By Wednesday afternoon, Mr. Bachus said his bill is not going anywhere for the moment.

“Everyone agrees there is a serious problem,” Mr. Bachus said in a statement to InvestmentNews. “Unfortunately, there is no consensus on how to fix it. No bill, including the bipartisan bill I offered, will move forward in the committee unless and until there is a consensus.”

It is not clear how long it will take to reach that consensus, but with the number of legislative days in 2012 quickly dwindling, it may not occur this year.

“From the beginning, I have been willing to listen to and work with anyone who has an idea about how to correct the current lack of examinations,” Mr. Bachus said. “Our only goal should be to deter bad actors and to protect American investors. I see no way to do that without timely examinations. Who conducts those examinations and how is still open for debate, as far as I'm concerned.”

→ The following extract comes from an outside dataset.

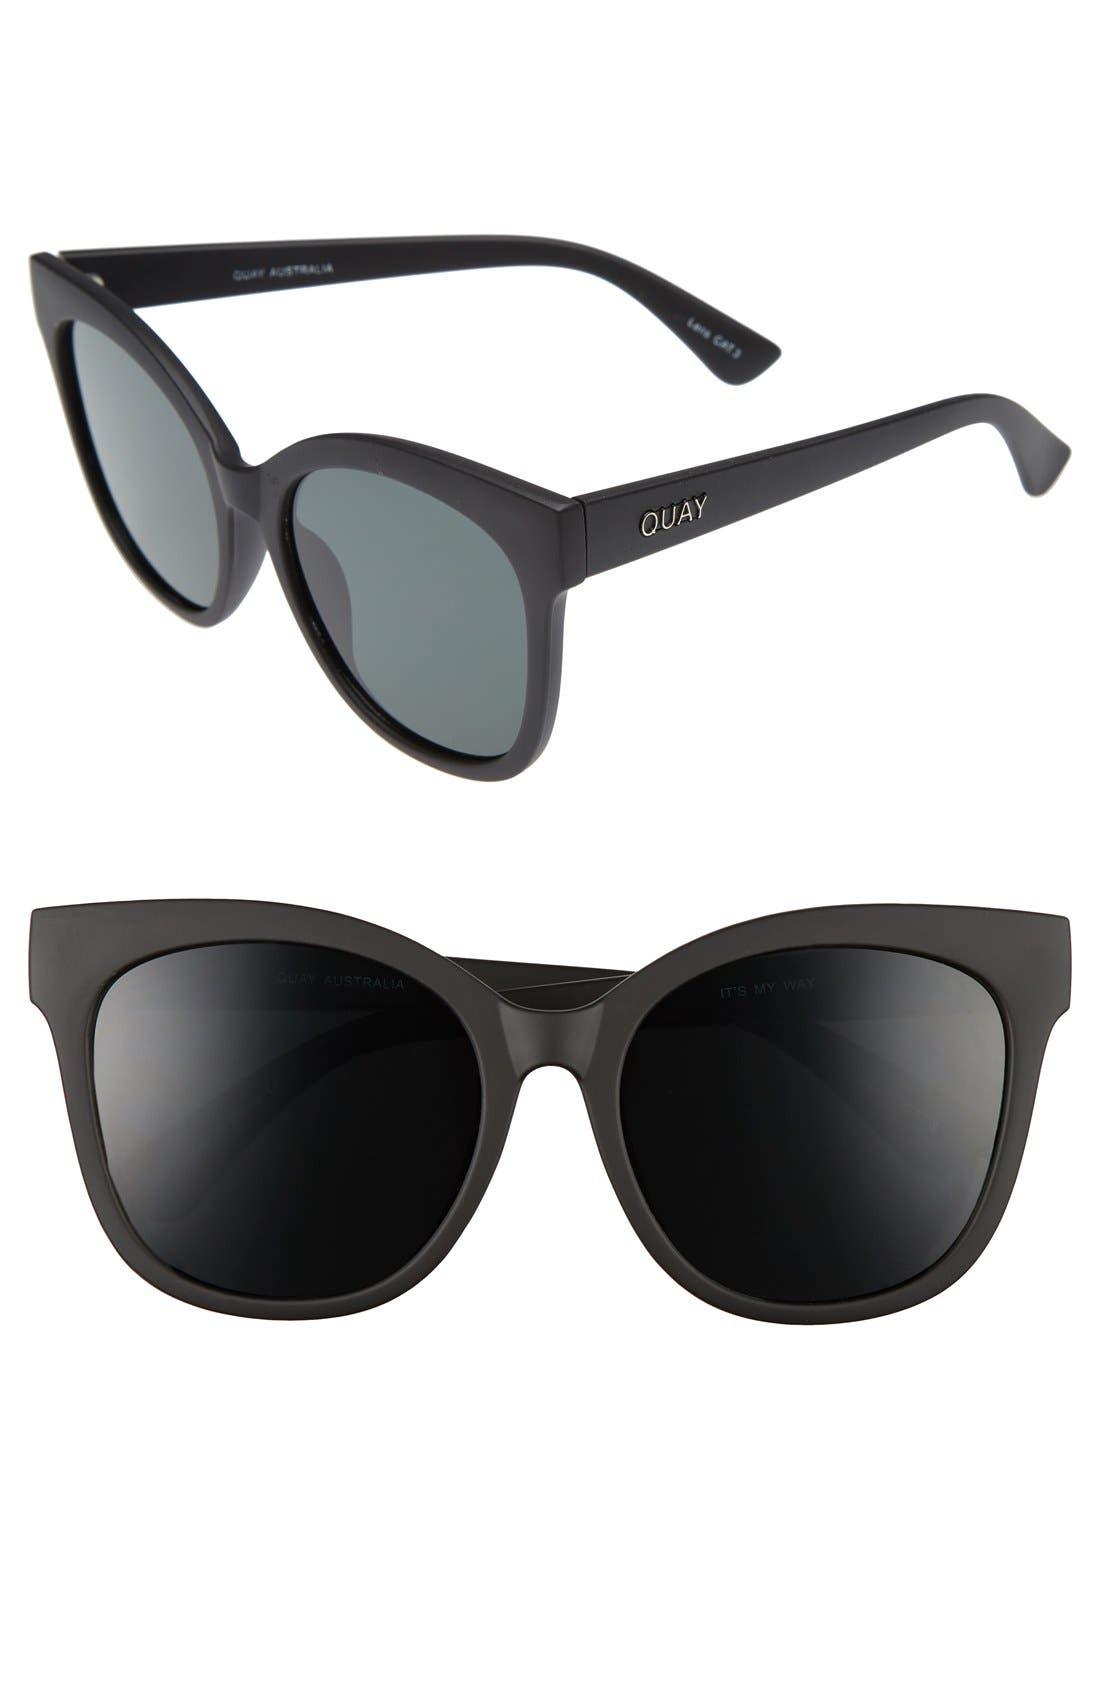 bb42638c4f3 Quay Australia Sunglasses for Women
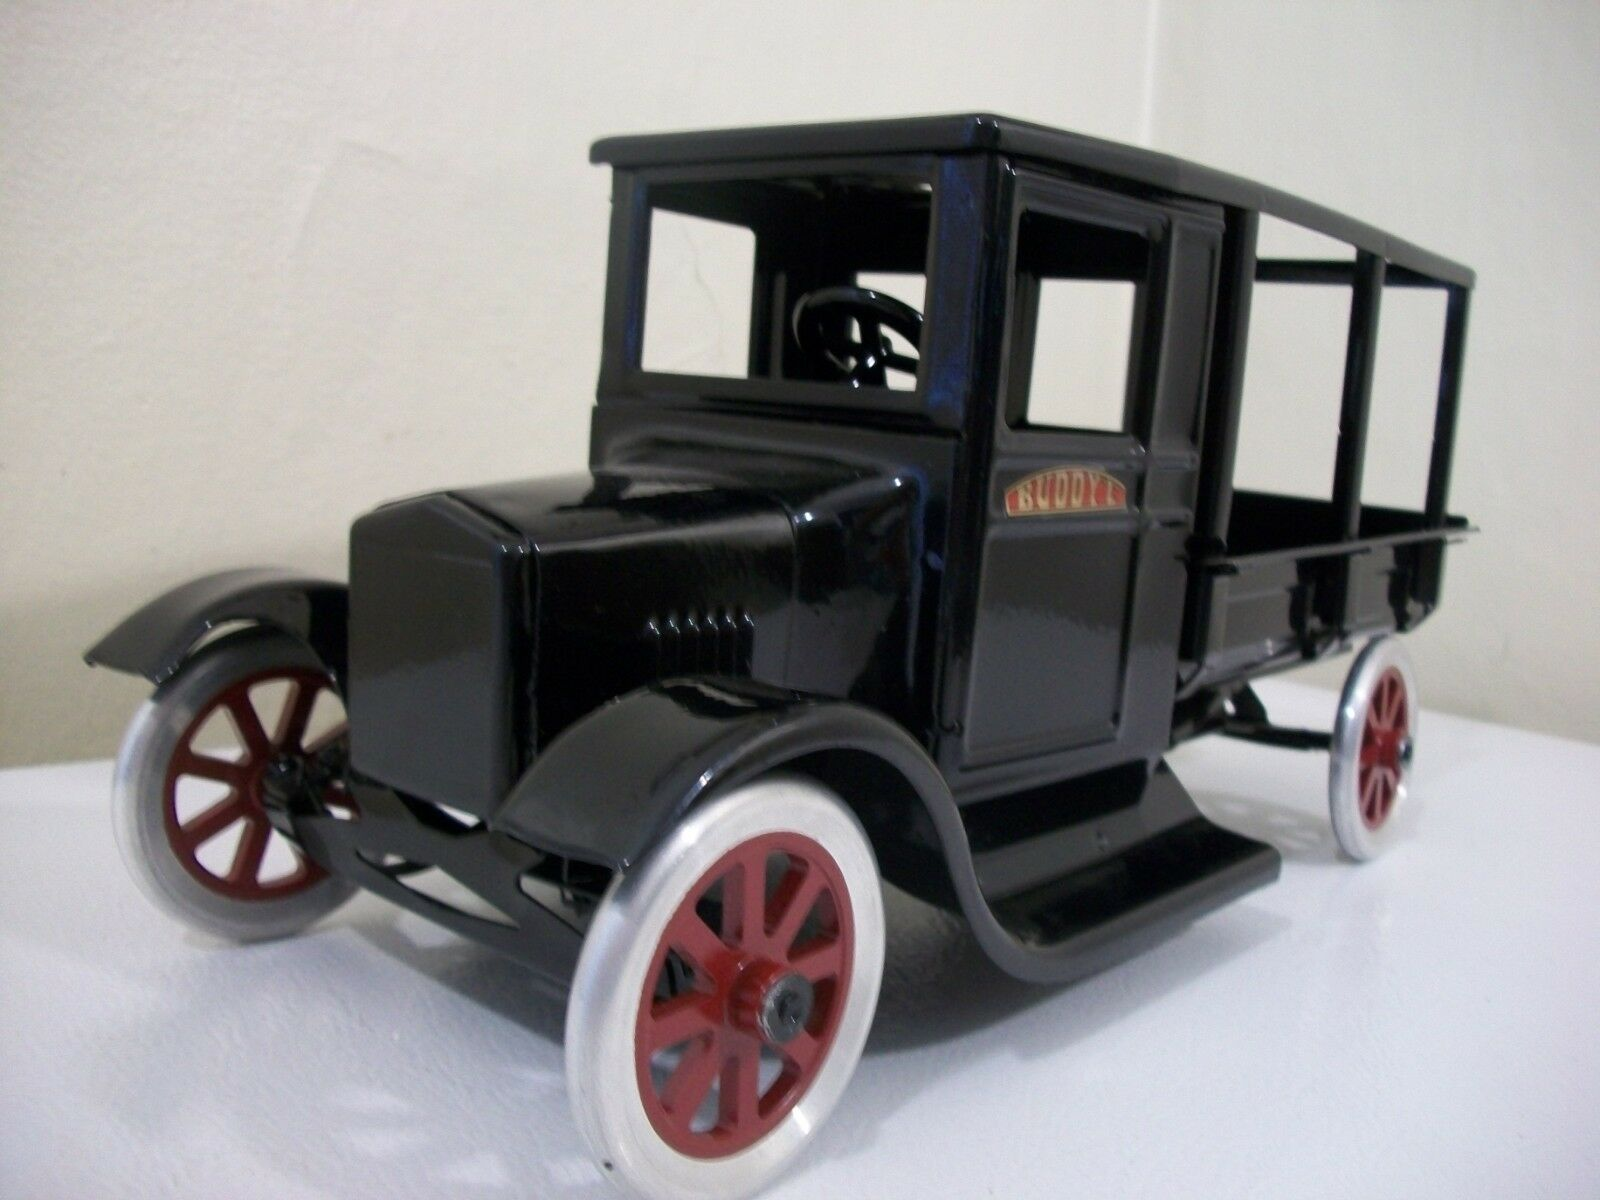 Buddy L Flivver vender Camioneta Ford Modelo T T-Reproducción

Ms. Waters' measure stipulates that the revenue generated from the user fee would be dedicated to inspections of advisers registered with the SEC. The levy would be calculated based on factors including the frequency of examinations, and the adviser's size and assets under management.

The funding would be available to the SEC only if it conducts exams at a higher rate than it achieved in fiscal 2011. In that 12-month period, the agency reviewed only about 8% of its then nearly 12,000 registered advisers, according to a report it submitted to Congress in January 2011.

The study, mandated by the Dodd-Frank financial reform law, indicated that the SEC lacked the resources to adequately oversee advisers and recommended three ways to increase exams: establish a SRO for advisers; allow the SEC to charge user fees for exams; or extend the reach of the Financial Industry Regulatory Authority Inc., the broker SRO, to include advisers dually registered as brokers.

Each option requires congressional approval. Ms. Waters' bill is an alternative to Mr. Bachus' legislation, which was introduced in April. Mr. Bachus' measure worries advisers because they see it as an opening for Finra to become the adviser SRO.

“My legislation would provide a dedicated funding source to the SEC to enable a robust investment adviser oversight program,” Ms. Waters said in a statement. “I believe this approach provides the simplest, most efficient solution to the problem of inadequate adviser oversight. Also, because the user fees contemplated in my legislation would only be used to fund the regulation of investment advisers, and not to subsidize other functions at the SEC, I think that this option would be more cost effective for the industry.”

Supporters of Mr. Bachus' bill assert that Congress will never provide the SEC the funding necessary to significantly raise its adviser exam rate. They argue that an SRO is required to strengthen investor protection and ensure that advisers are regularly reviewed. Finra is lobbying to become the adviser SRO.

Observers had expected Mr. Bachus' bill to receive a vote in the House Financial Services Committee earlier this summer. The bill stalled after an early-June hearing in which adviser advocates charged that Mr. Bachus' bill would sharply increase advisers' compliance expenses.

David Tittsworth, executive director of the Investment Adviser Association, became the focal point of the June hearing as the most prominent critic of Mr. Bachus' bill. He enthusiastically endorsed Ms. Waters' legislation.

“Investment adviser user fees will be far more effective and efficient in enhancing examinations of advisers than establishing an unnecessary, additional layer of bureaucracy and cost associated with a self-regulatory organization,” Mr. Tittsworth said in a statement. “These enhancements to the SEC's current examination program will not require the expenditure of additional taxpayer dollars.”

The Financial Services Institute is a supporter of Mr. Bachus' bill.

“Increasing the SEC budget to a level that would significantly increase consumer protect tion just isn't political reality,” FSI spokesman Chris Paulitz said in a statement. “Even [SEC] Commissioner [Elisse] Walter said a fully funded SEC wouldn't be able to significantly increase RIA examinations.”